**ASSIGNED TASK**. In the records below, find the line that contains "suspension multiple au" and the line that contains "a propos de"; write out exactly those two lines and everything between them, without the pictures.

**EXCERPTED DATA**.
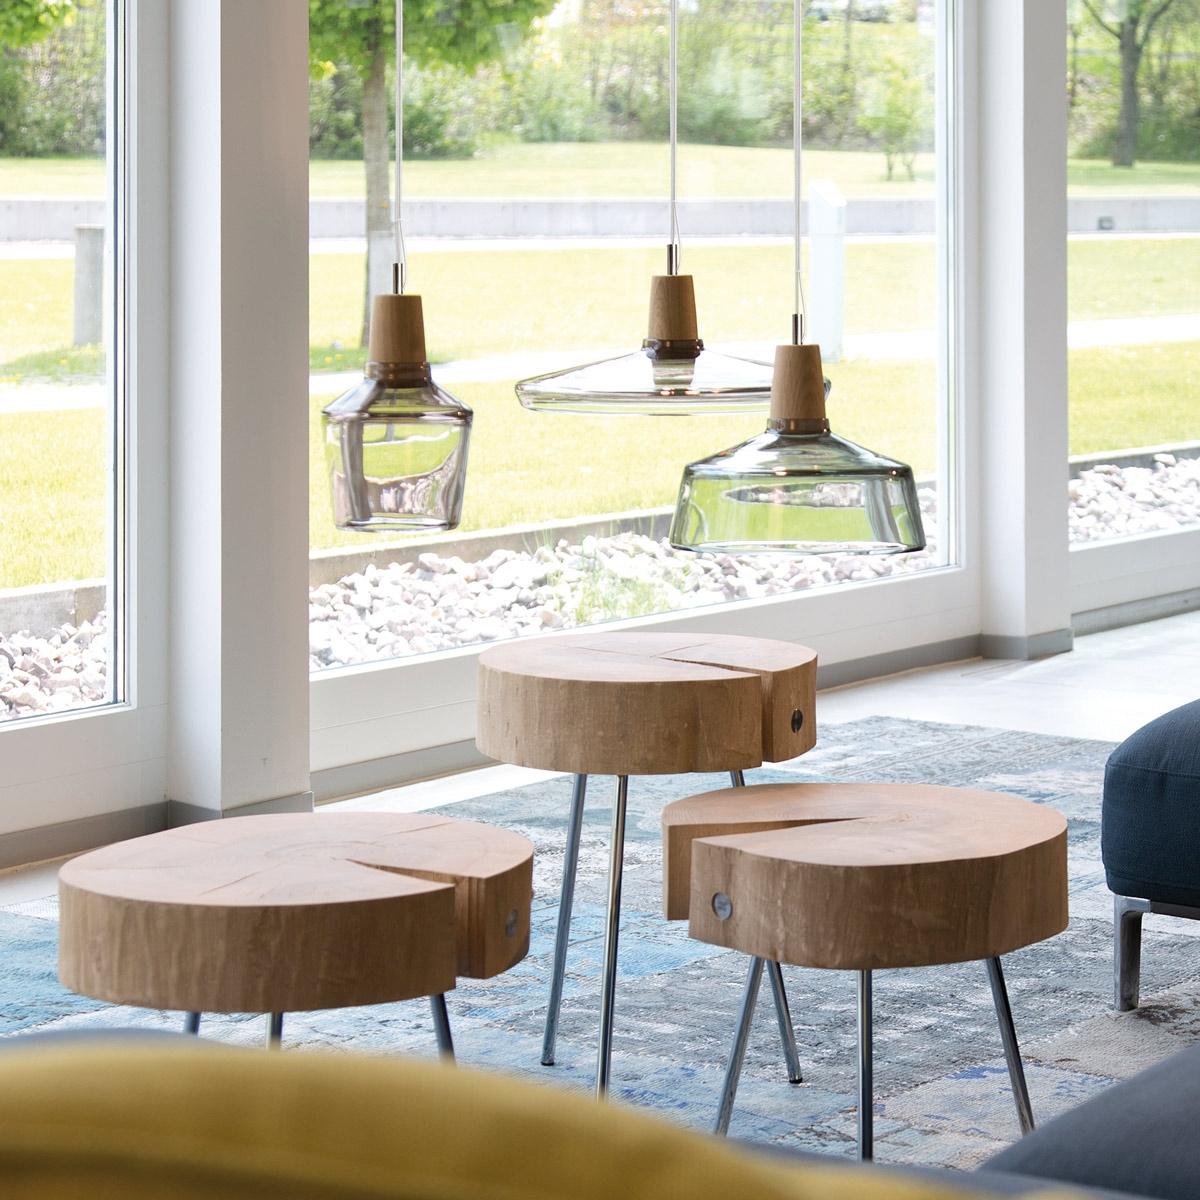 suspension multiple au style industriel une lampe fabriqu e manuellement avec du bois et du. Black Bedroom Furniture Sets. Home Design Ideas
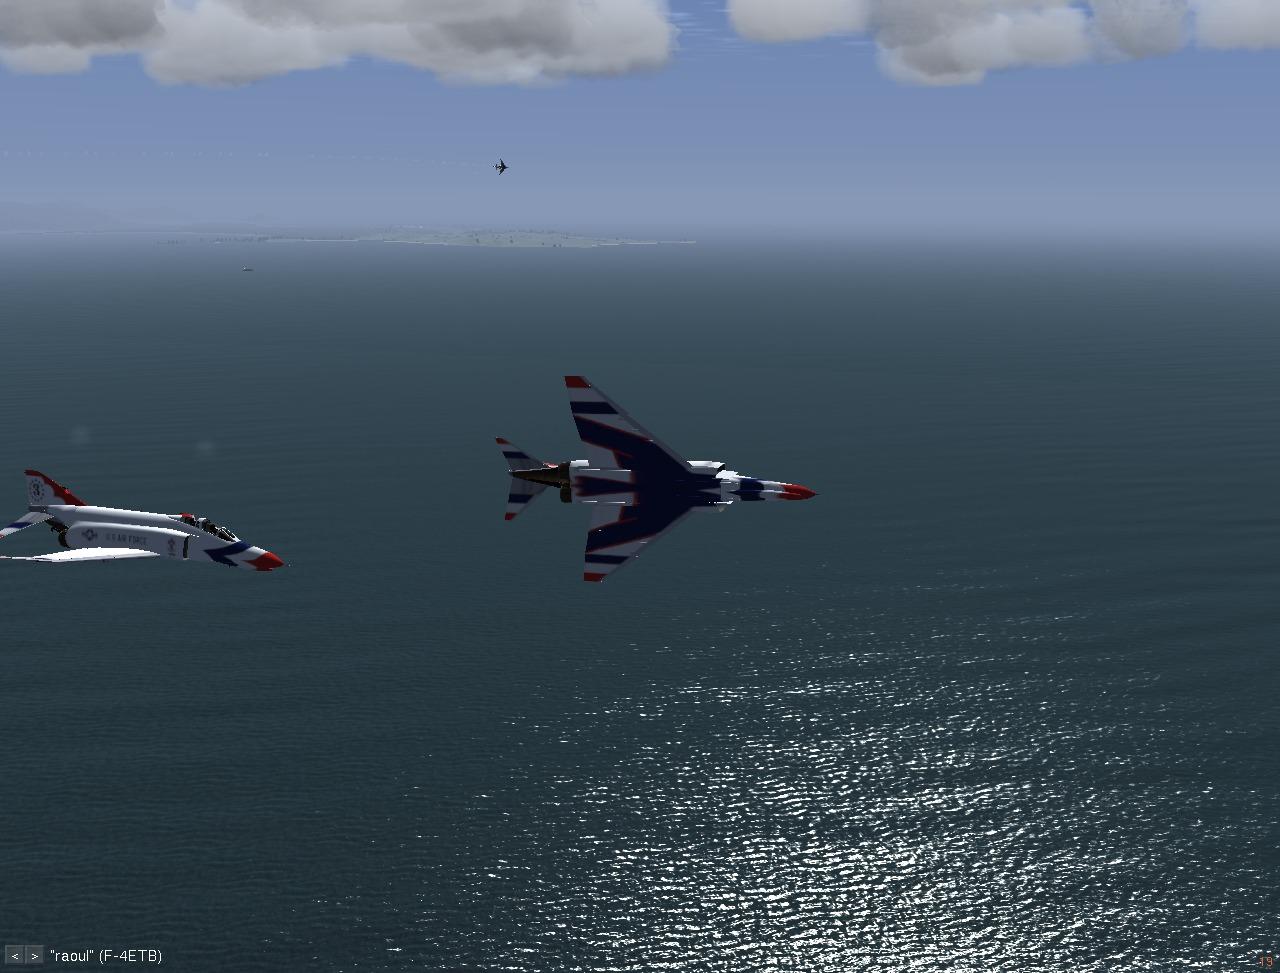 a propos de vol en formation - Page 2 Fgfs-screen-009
---
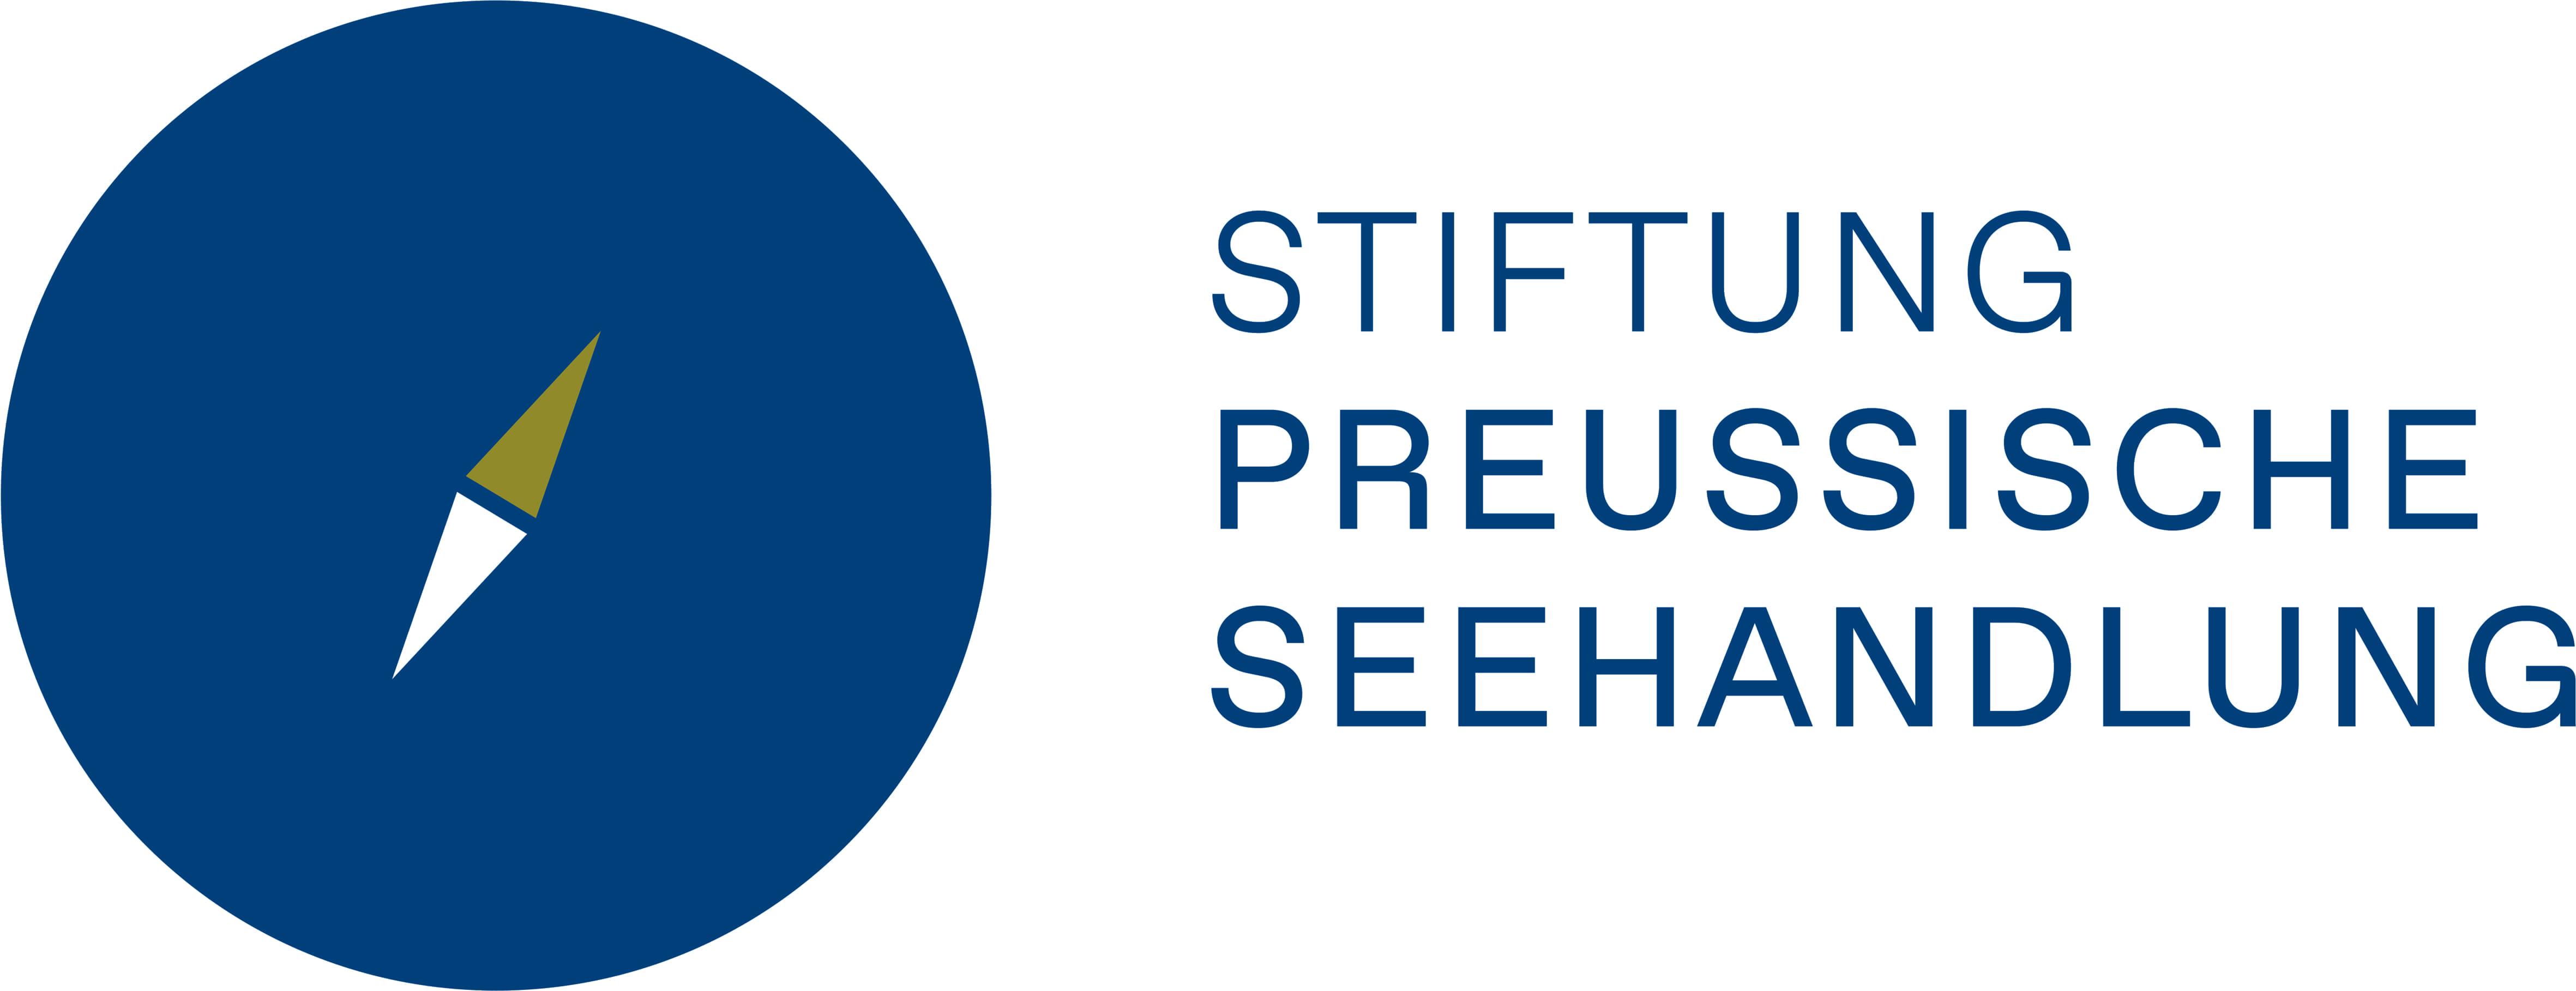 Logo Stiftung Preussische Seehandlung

**EXPECTED ANSWER**.
 suspension multiple au style industriel une lampe fabriqu e manuellement avec du bois et du. Black Bedroom Furniture Sets. Home Design Ideas
 a propos de vol en formation - Page 2 Fgfs-screen-009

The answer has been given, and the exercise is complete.